Upscale refers to the process of increasing the resolution of an image, typically to enhance its quality and detail. In the video, the speaker uses an upscaler like 'rs rugen 4X, anime 6B' to improve the final image, especially for images rendered with the ref animated model.

πŸ’‘Tutorial

A tutorial is an instructional video or guide that provides step-by-step information on how to perform a specific task or use a particular tool. In the context of the video, the speaker is creating tutorials to help others learn about AI art generation, including common mistakes and best practices.

Highlights

The video presents the best workflow for stable diffusion in automatic 1111.

The recommended model for this workflow is ref animated, which is semi-realistic and capable of beautiful renderings.

CLIP skip is set to 2, a setting often requested by viewers in the comments.

To enable the CLIP skip slider, navigate to settings, user interface, and Quick Settings, then enter 'clip stop at last layers'.

The video provides a prepared prompt featuring a female astronaut, a space station, and an exploding station in the background.

Euler a is suggested for prompt engineering and experimentation due to its speed.

The dimensions 768x432 are recommended to avoid deformations and maintain a 16:9 resolution.

Batch size is increased to 8 for selecting nice images from the rendering process.

The process includes using send to image to image for maintaining composition while changing the sampler.

DPM plus 2m arrows is recommended as the sampler for enhancing details like facial features.

Denoising strength should be set between 0.4 and 0.7 depending on the desired level of change.

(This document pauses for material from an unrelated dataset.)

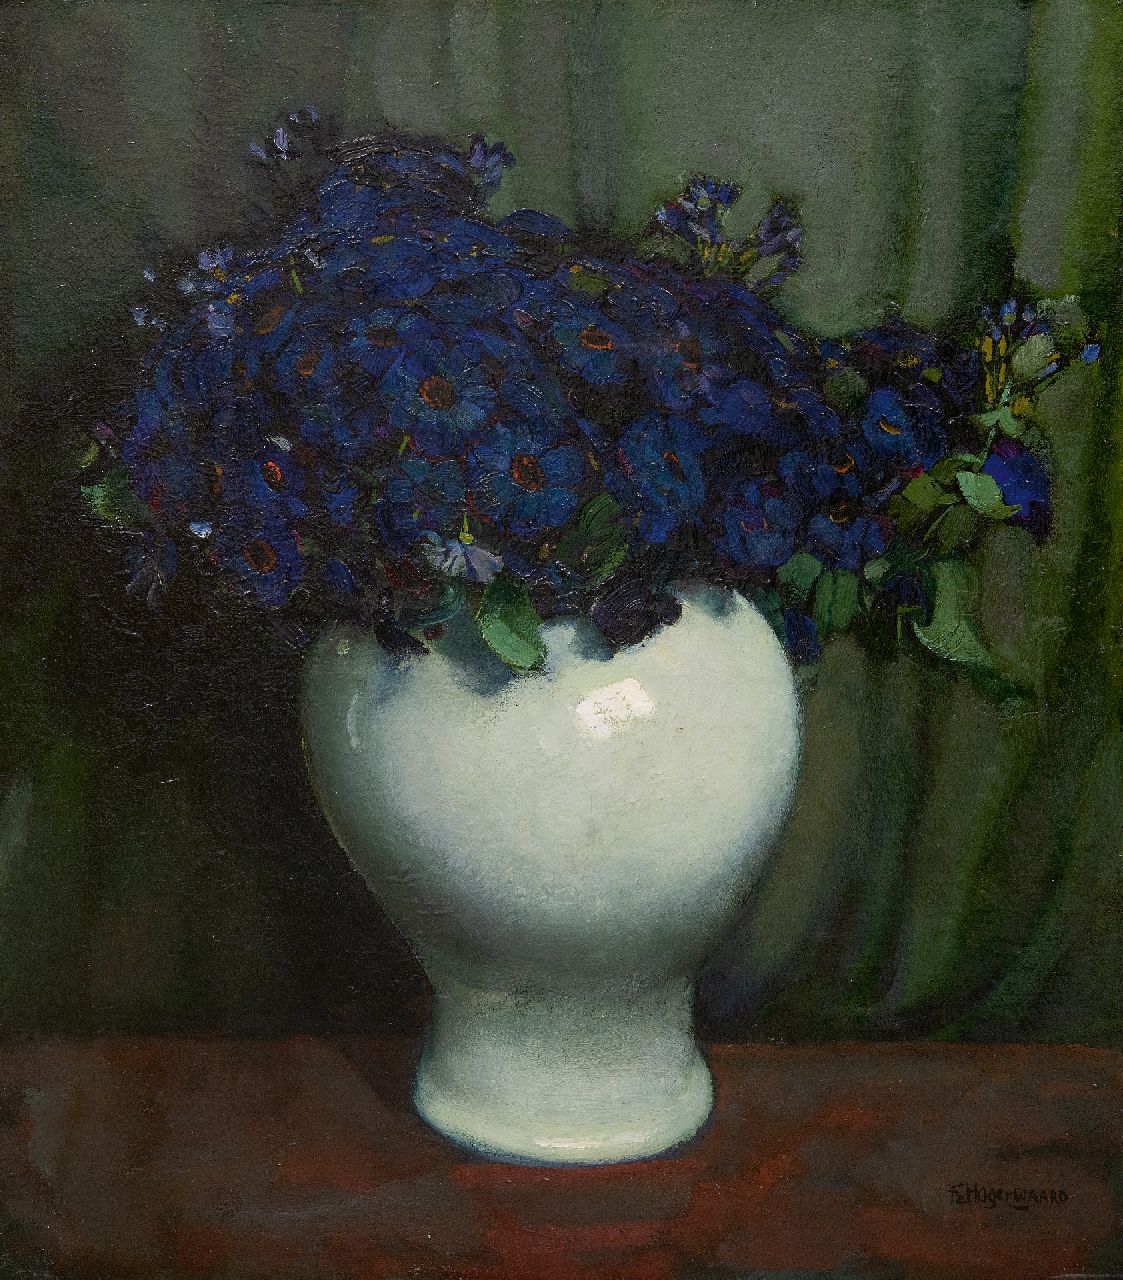 Frans Hogerwaard | Blue flowers in a white pot, oil on canvas, 70.0 x 60.0 cm, signed l.r.

Batch count is set to three to provide a selection of images to choose from.

The video demonstrates the selection process of the best image from the rendered options.

Intent settings are adjusted to fix issues like the missing leg on the astronaut.

The importance of ensuring the mask is applied correctly in the settings is emphasized.

The final step involves upscaling the image using the RS Rugen 4X, anime 6B option for a semi-realistic look.

The video concludes with a preview of upcoming content, including a tutorial on painting hands and common mistakes with automatic 1111.